Последним пристанищем Шелли была вилла на берегу залива Спецция. Она описана у мистера Трелони.

В числе новых друзей, приобретенных Шелли в Италии, были капитан Уильямс с женой. К ним очень привязался не только сам поэт, но и миссис Шелли. Капитан Уильямс увлекался парусным спортом и по собственной модели построил небольшое судно, которое назвал «Дон-Жуан». Несмотря на все возражения строителя из Генуи, а также их общего друга капитана Робертса, который руководил постройкой, Уильямс непременно хотел спустить судно на воду. Чтобы выровнять его на плаву, понадобилось две тонны железа для балласта, но и тогда в ветреную погоду парусник оставался неустойчивым. Наняв двух опытных моряков и юнгу по имени Чарльз Вивиен, мистер Трелони переправил парусник из Генуи. Юнгу Шелли оставил, а моряков отослал обратно. Вернувшись, они сообщили мистеру Трелони, что из Генуи доплыли благополучно, но парусник очень капризен в управлении, о чем они и предупредили джентльменов.

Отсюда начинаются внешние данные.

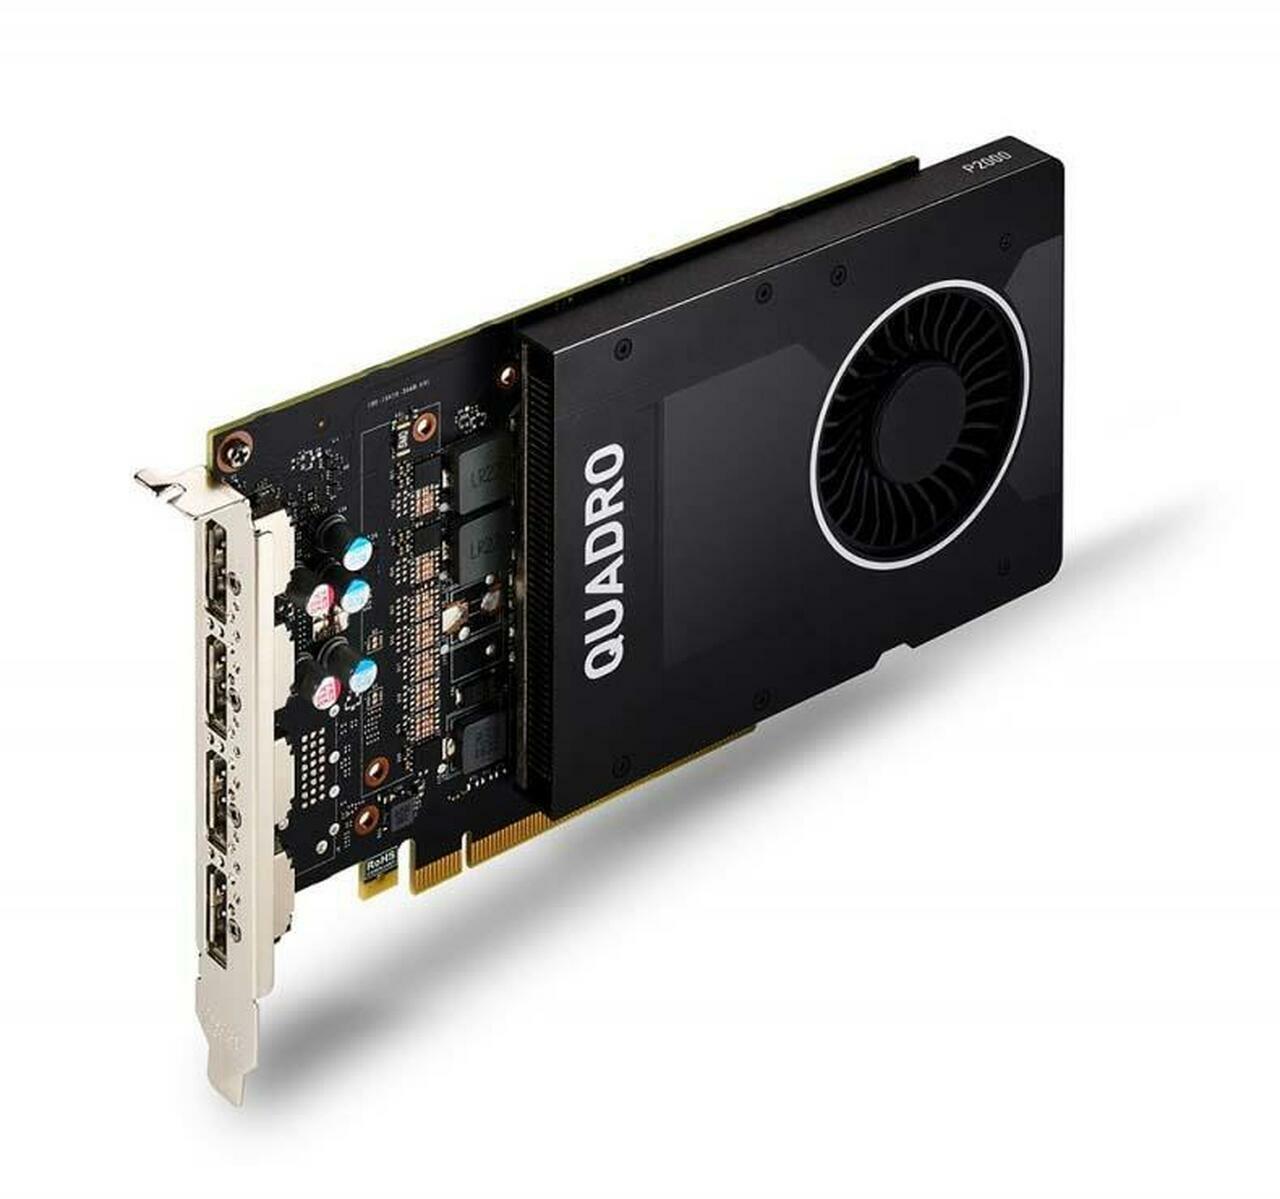 Dell NVidia Quadro P2000 5GB GDDR5 Graphics Card

У мистера Трелони, который выходил вместе с ними в море, сложилось впечатление, что единственным толковым моряком на борту был юнга. Они умудрились защемить грот-шкот и переложить румпель на правый борт вместо левого.

— Если бы сейчас была буря, — сказал он, — нам бы пришлось как следует выкупаться.

— Только не мне. Я бы, как балласт, сразу же пошел ко дну, — ответил Шелли, имея в виду сложенный в трюм балласт из железных брусьев.

Тем временем по просьбе Шелли лорд Байрон пригласил в Италию мистера Ли Ханта с семьей. Было решено совместными усилиями выпускать ежеквартальный журнал, успех которого всецело связывался с именем лорда Байрона. Впоследствии вышло всего четыре номера злосчастного «Либерала»[903] (название придумал сам Байрон), который оказался на редкость неудачным изданием. Хотя провал «Либерала» можно объяснить многими причинами, мне кажется, что журнал с таким названием не могли бы спасти даже самые громкие имена. Литературно-периодический журнал следует называть как-нибудь понейтральнее, чтобы преждевременно не задавать тон направлению всех последующих выпусков. Журнал может быть, в зависимости от взглядов издателей, аристократическим или демократическим по своему характеру; вместе с тем называть журнал «Аристократом» или «Демократом» значило бы изначально погубить его.

Ли Хант с семьей приехал в Италию 14 июня 1822 года, успев повидаться с Шелли в последний раз.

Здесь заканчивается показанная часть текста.